WHAT YOU SHOULD DO:
Return all of the data verbatim, dropping any picture.

DATASET CONTENT:
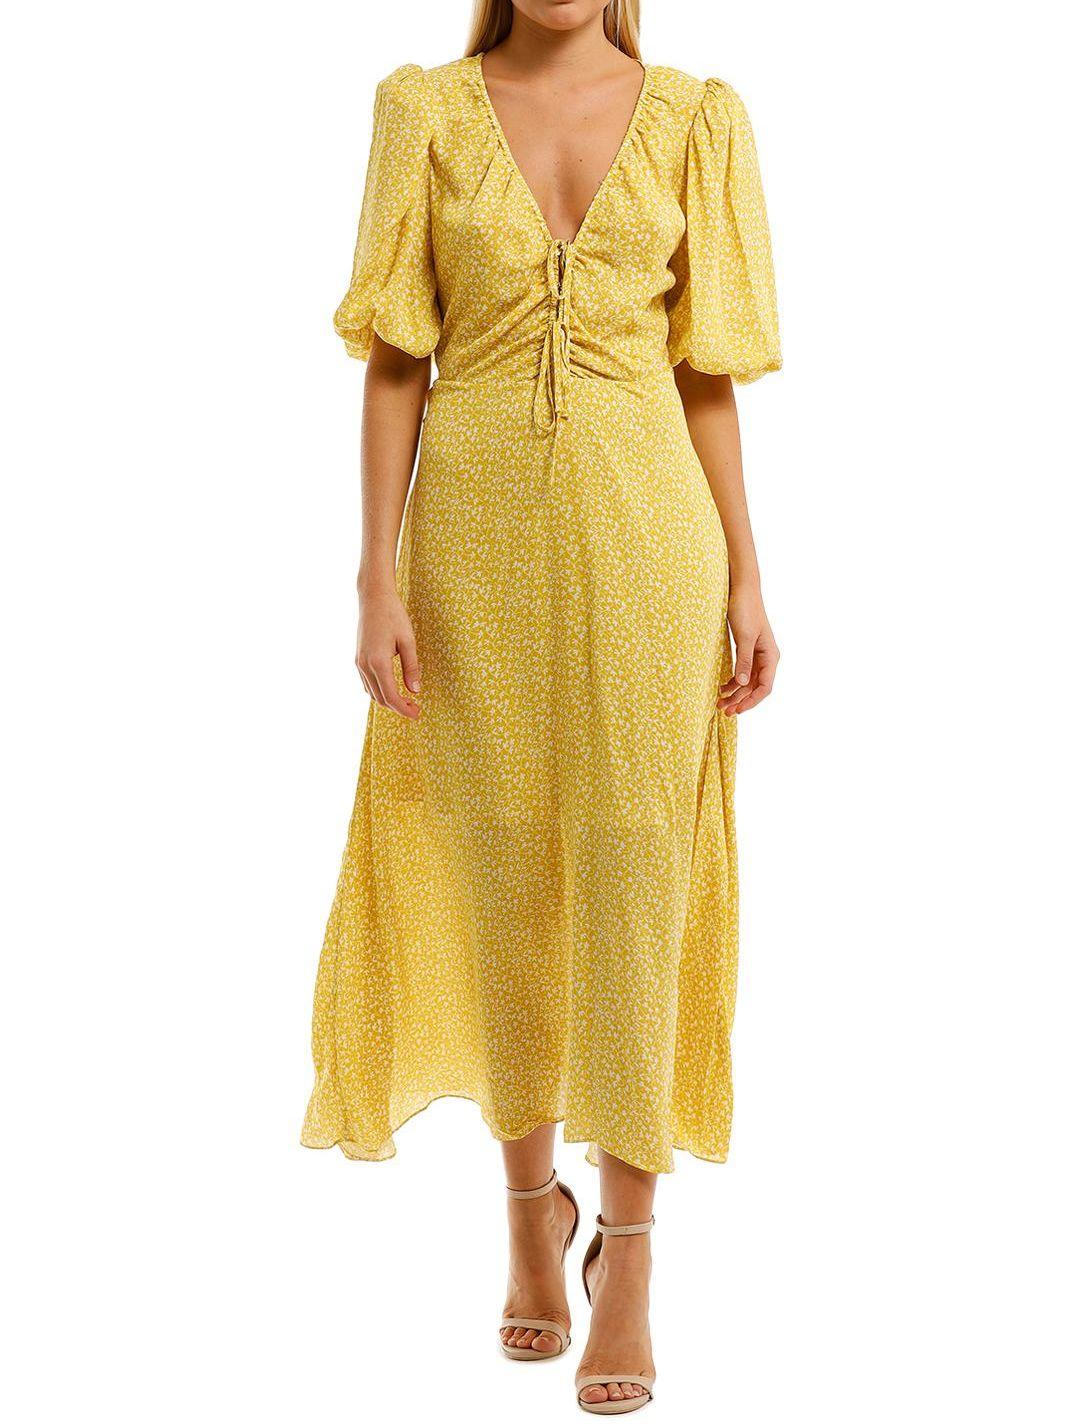 Nicholas Danielle Dress Yellow V Neckline
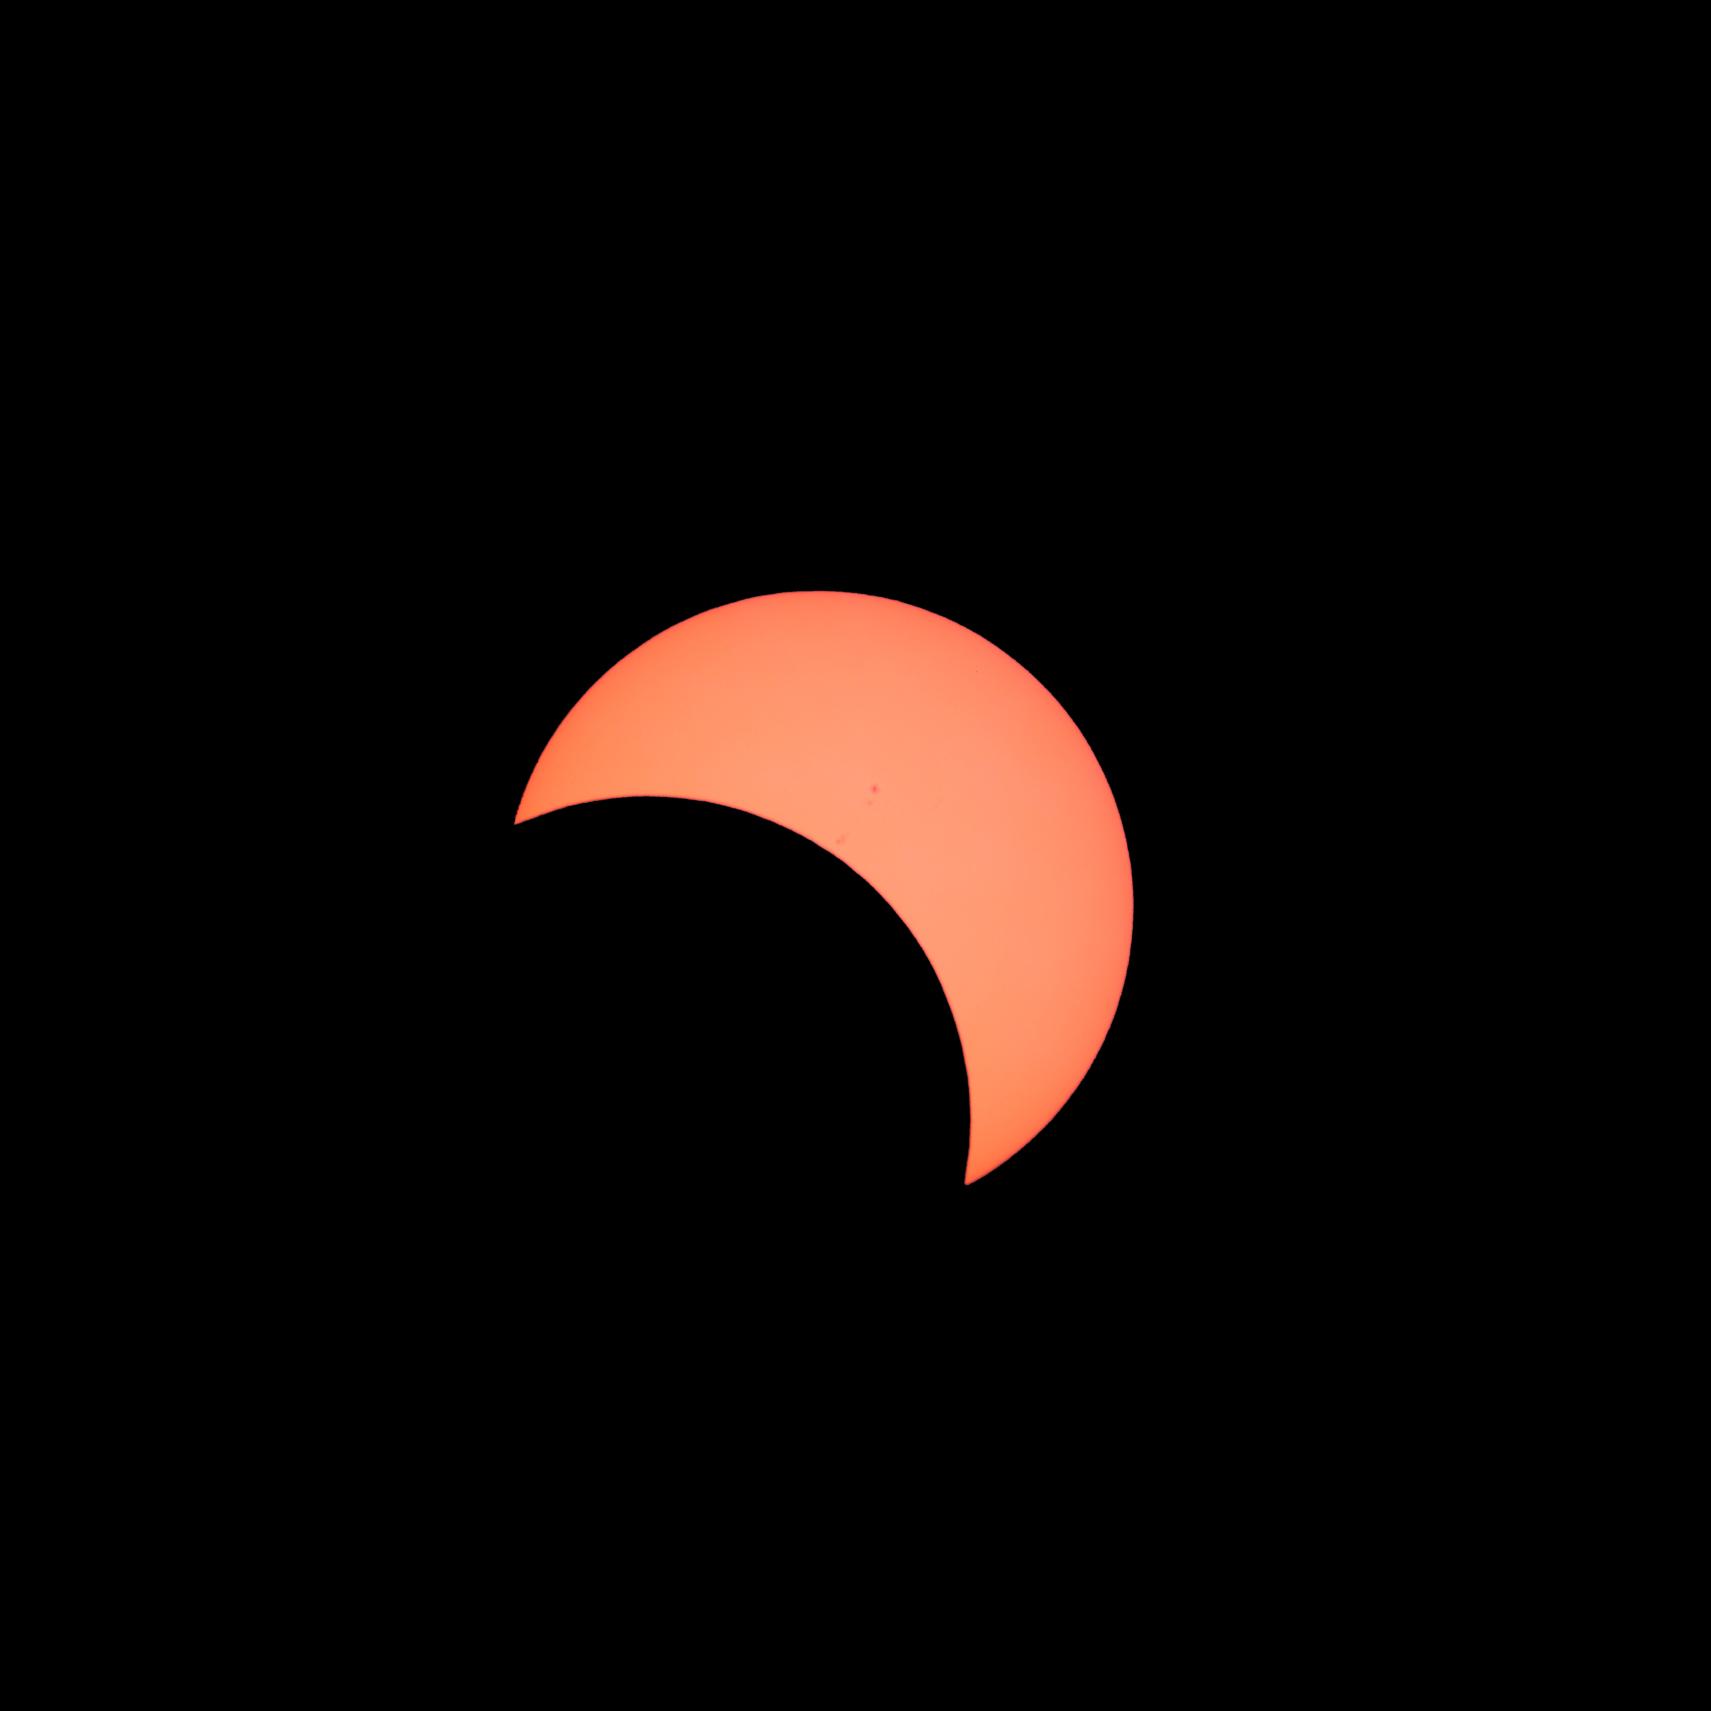 20170821_eclissi-parzialità-uscita-half_AlessandroDimai
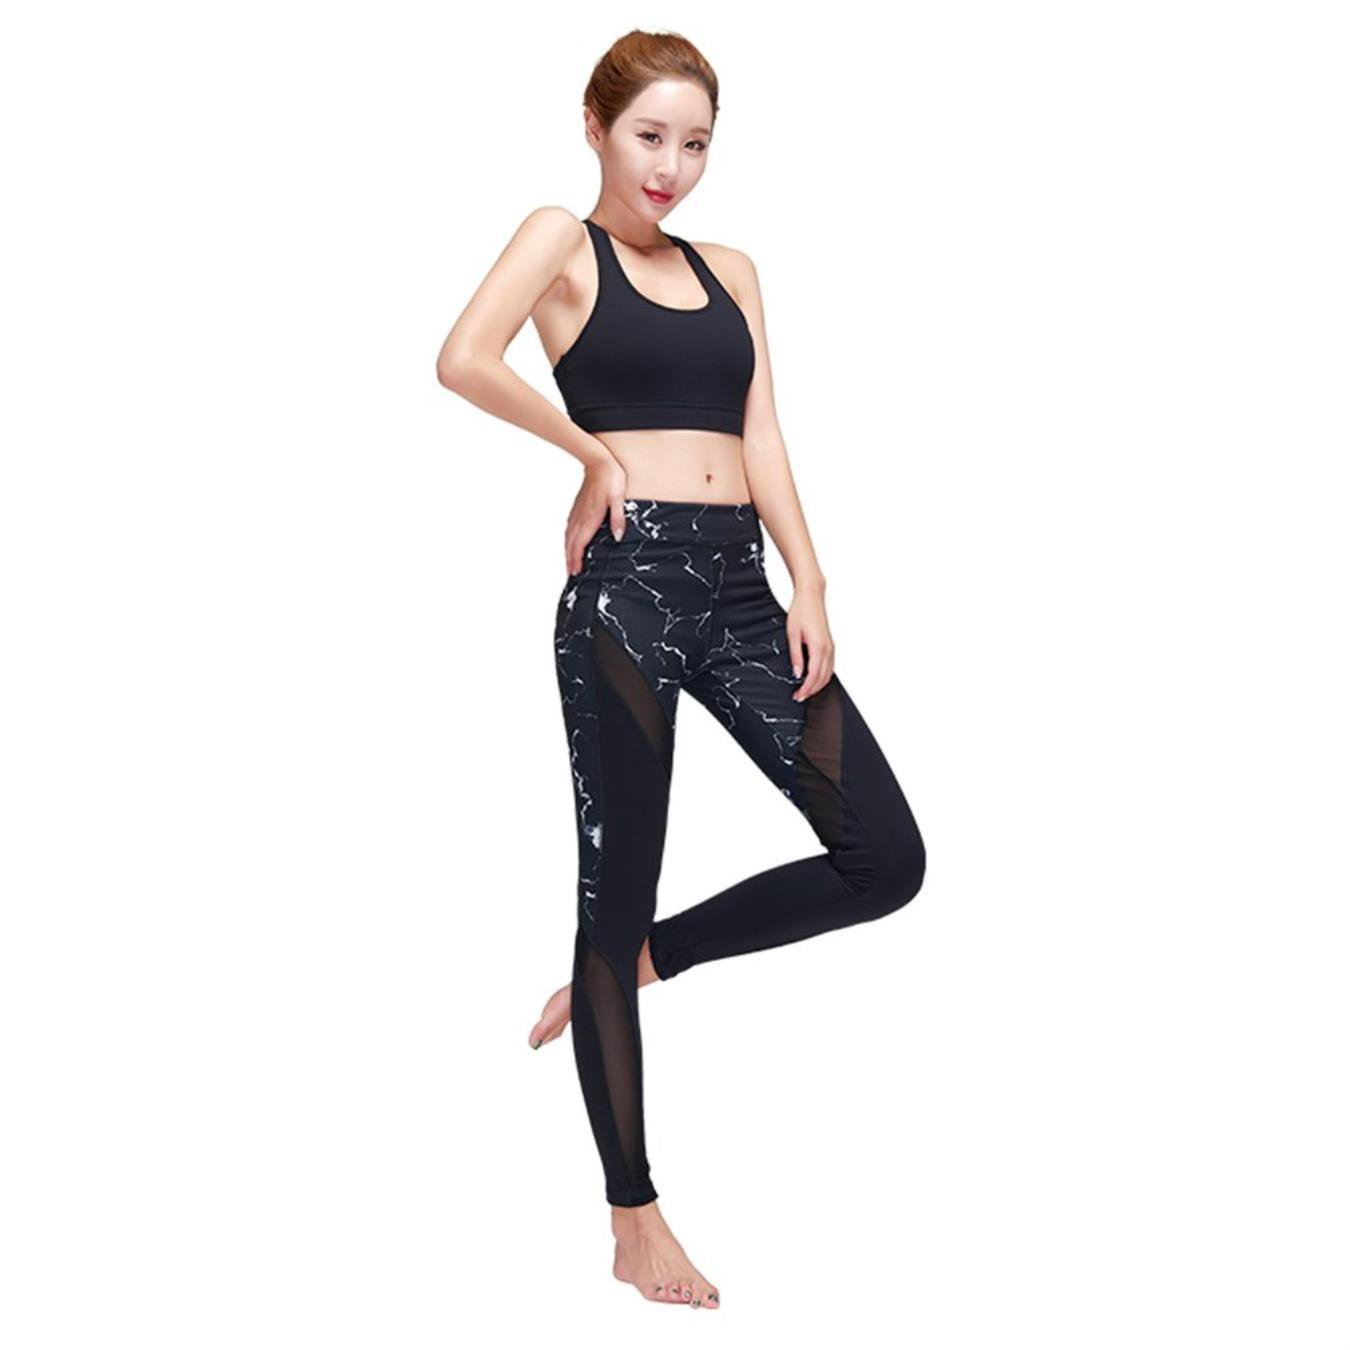 TUONFC Women Sexy Sports Bra Long Pants Set Back Hollow Out Elastic Yoga Clothing Push Up Bra

SOLUTION:
 Nicholas Danielle Dress Yellow V Neckline
 20170821_eclissi-parzialità-uscita-half_AlessandroDimai
 TUONFC Women Sexy Sports Bra Long Pants Set Back Hollow Out Elastic Yoga Clothing Push Up Bra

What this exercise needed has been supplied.